Parameters starting with ++ can be set in the YAML file. For instance, in the pretrain_esm2_650M.yaml inherited from base_config.yaml, you can find the following parameters:

* `do_training`: Set to False to only perform data preprocessing without training.
* `exp_manager.wandb_logger_kwargs.name`: Specifies the run name for wandb.
* `exp_manager.wandb_logger_kwargs.job_type`: Specifies the job type for wandb (job type helps organize run information later; it does not affect the implementation).
* `wandb_artifacts.wandb_use_artifact_path`: Sets the path for the wandb artifacts of the data being preprocessed.
* `wandb_artifacts.wandb_log_artifact_name`: Specifies the name of the wandb artifacts for saving the preprocessed data.
* `model.data.val_size and model.data.test_size`: Specify the sizes of the validation and test datasets.
* `model.data.uf50_datapath`: Specifies the path to the uniref50 fasta file.
* `model.data.uf90_datapath`: Specifies the path to the uniref90 fasta file.
* `model.data.cluster_mapping_tsv`: Specifies the path to the file that maps uniref50 clusters to uniref90 sequences.
* `model.data.dataset_path`: Specifies the output directory path for the preprocessed uniref50 data, which will include splits for training, validation, and testing.
* `model.data.uf90.uniref90_path`: Specifies the output directory path for the preprocessed uniref90 data, which contains only the folder u90_csvs and does not include splits for training/testing/validation as uniref90 is used only for training.
* `model.data.train.uf50_datapath`: Specifies the path to the uniref50 fasta file.
* `model.data.train.uf90_datapath`: Specifies the path to the uniref90 fasta file.
* `model.data.train.cluster_mapping_tsv`: Specifies the path to the file that maps uniref50 clusters to uniref90 sequences.
* `model.data.val.uf50_datapat`: Specifies the path to the uniref50 fasta file.
* `model.data.test.uf50_datapath`: Specifies the path to the uniref50 fasta file.


You can also directly modify the YAML file instead of overriding the arguments through the command line. Once processing is complete, the preprocessed data will be located in /workspace/bionemo/examples/tests/test_data/uniref202104_esm2_qc_test200_val200/uf50/uf50/.

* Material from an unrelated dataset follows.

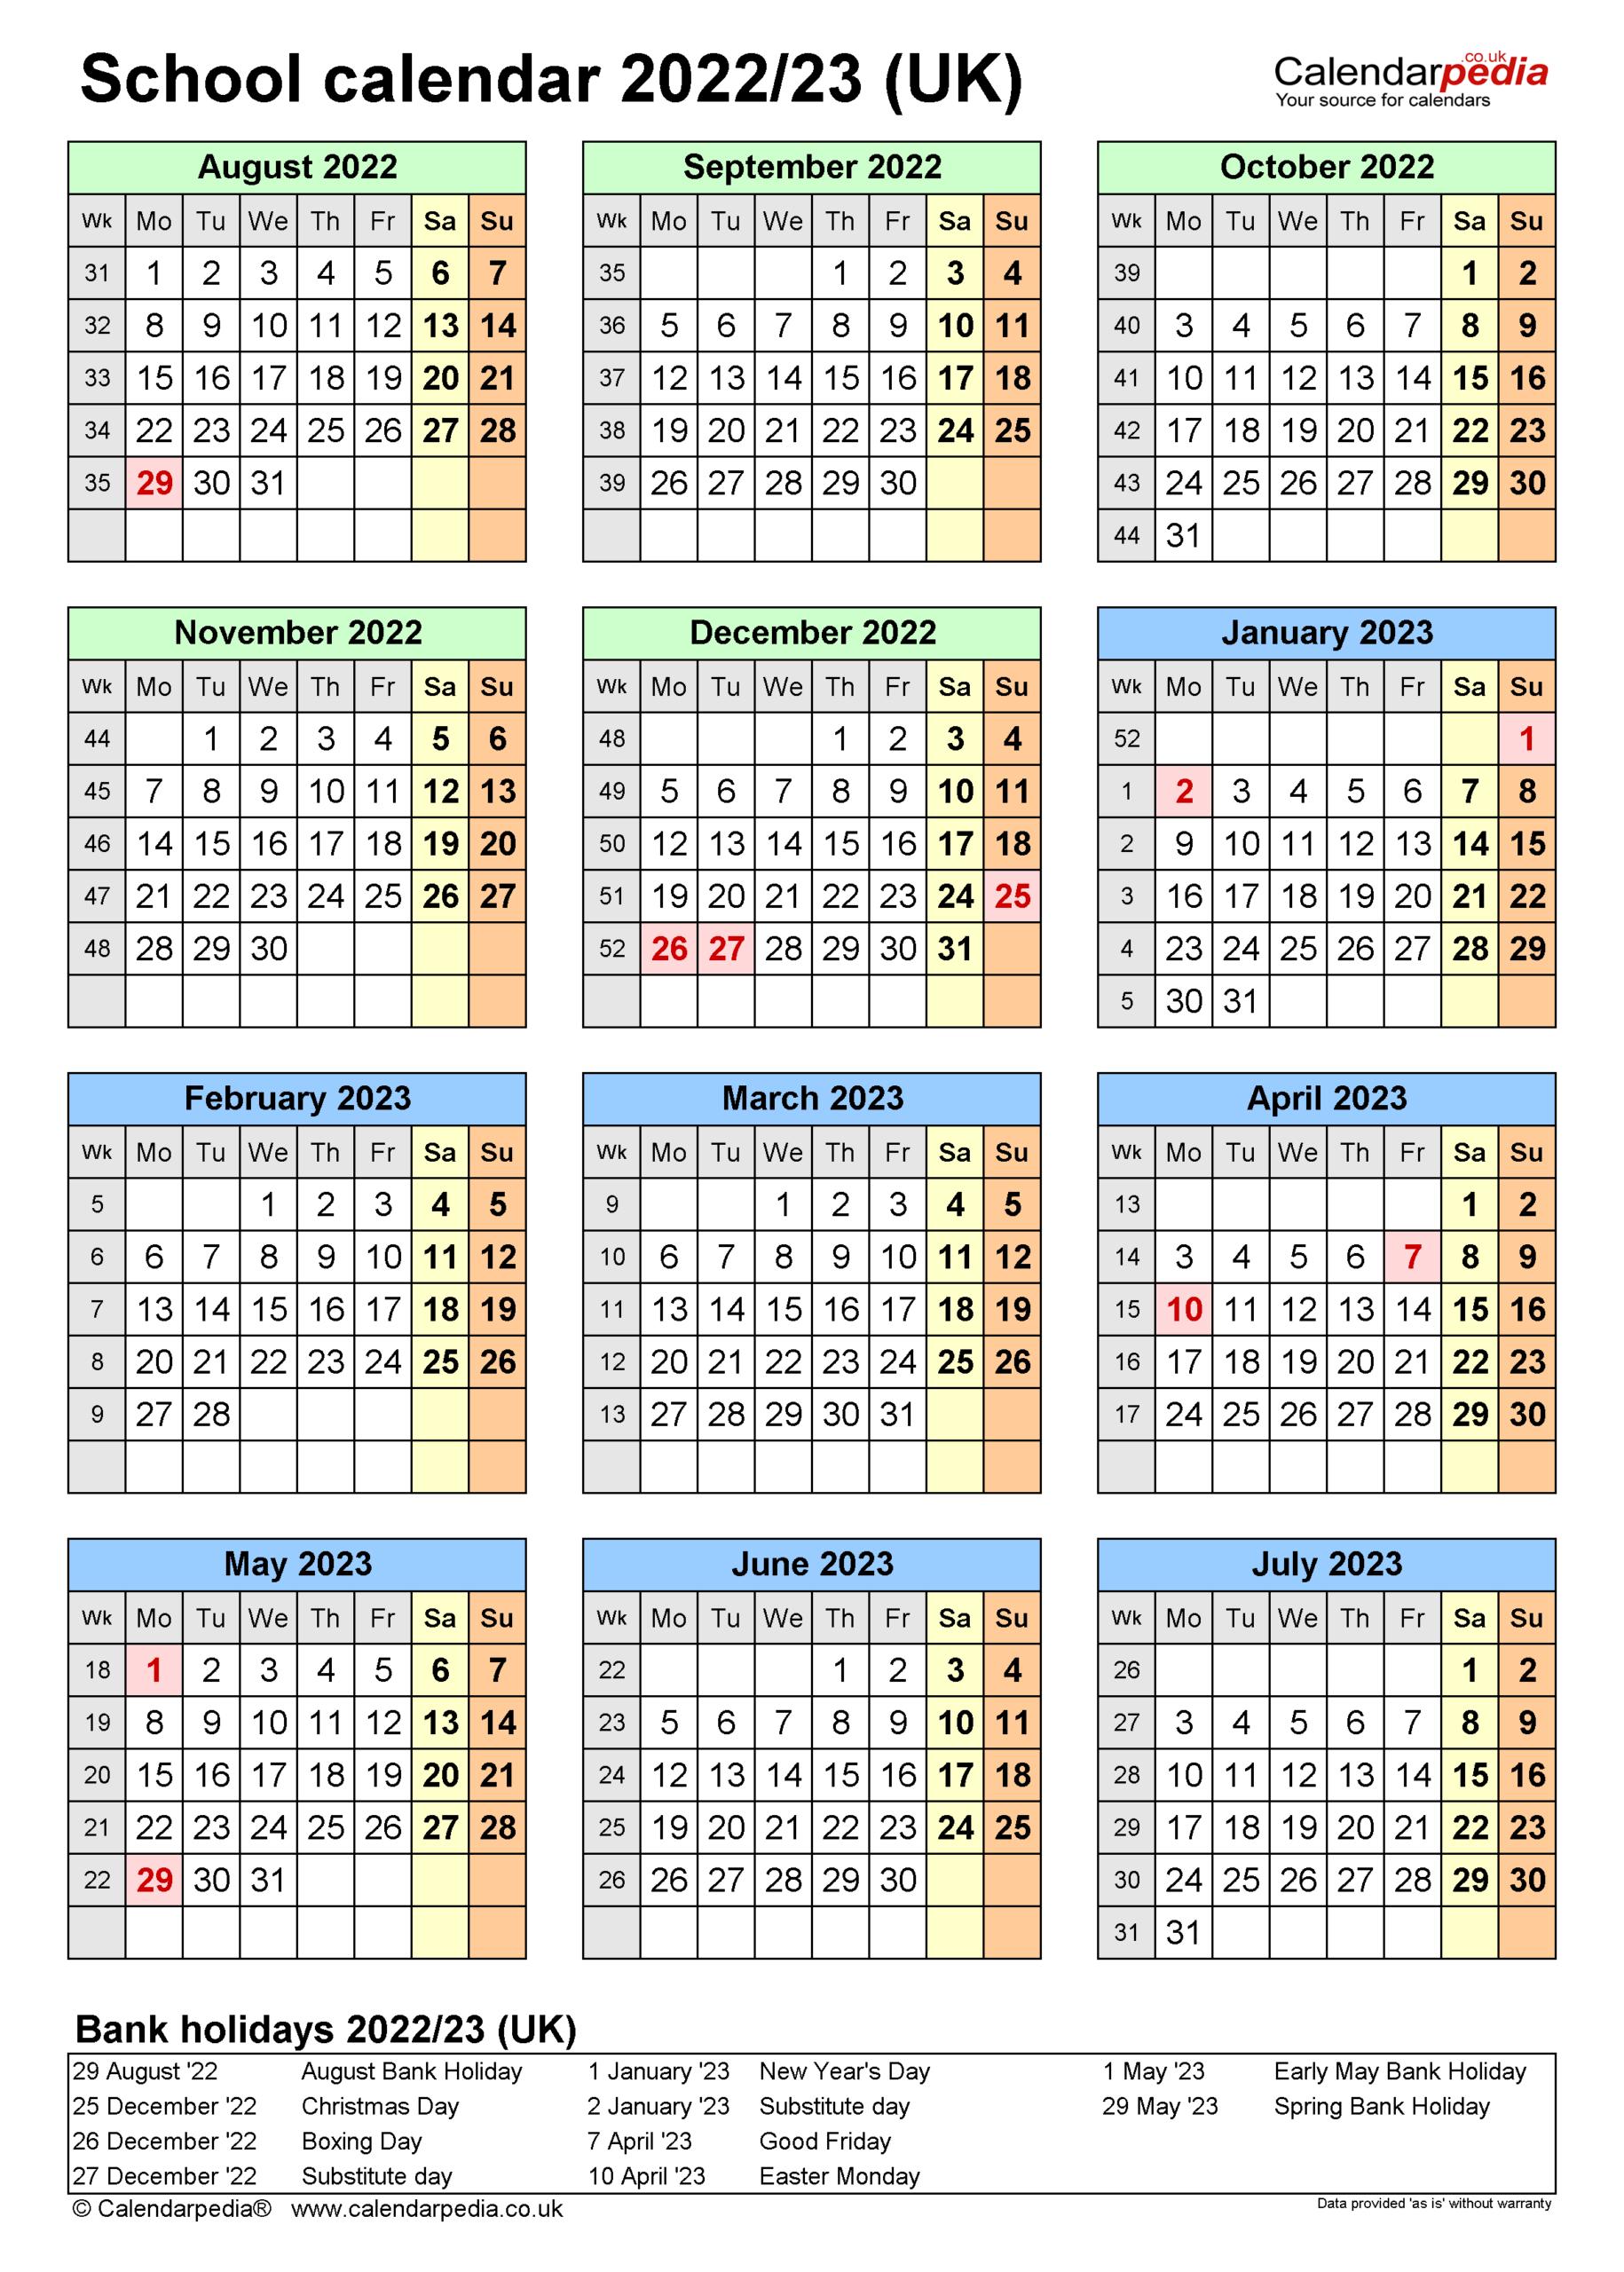 School Calendars 2022/2023 As Free Printable Word Templates with Aiken County 2022 2023 School Calendar

If you want to use your own data for pretraining, fine-tuning, or inference, specify the path as /workspace/bionemo/mydata/. However, you must align the structure and format of your data with the sample data.

# Pretraining

Now that the preprocessing of the UniRef50 and UniRef90 subsets is complete, you can begin pretraining the ESM-2nv model. The BioNeMo Framework provides checkpoints for pretrained models such as ESM-1nv, ESM-2nv (650M, 3B, 15B), ProtT5nv, and MegaMolBART. The weights for these models can be downloaded from NVIDIA's NGC. If you already have a model checkpoint, you can also resume pretraining from that checkpoint.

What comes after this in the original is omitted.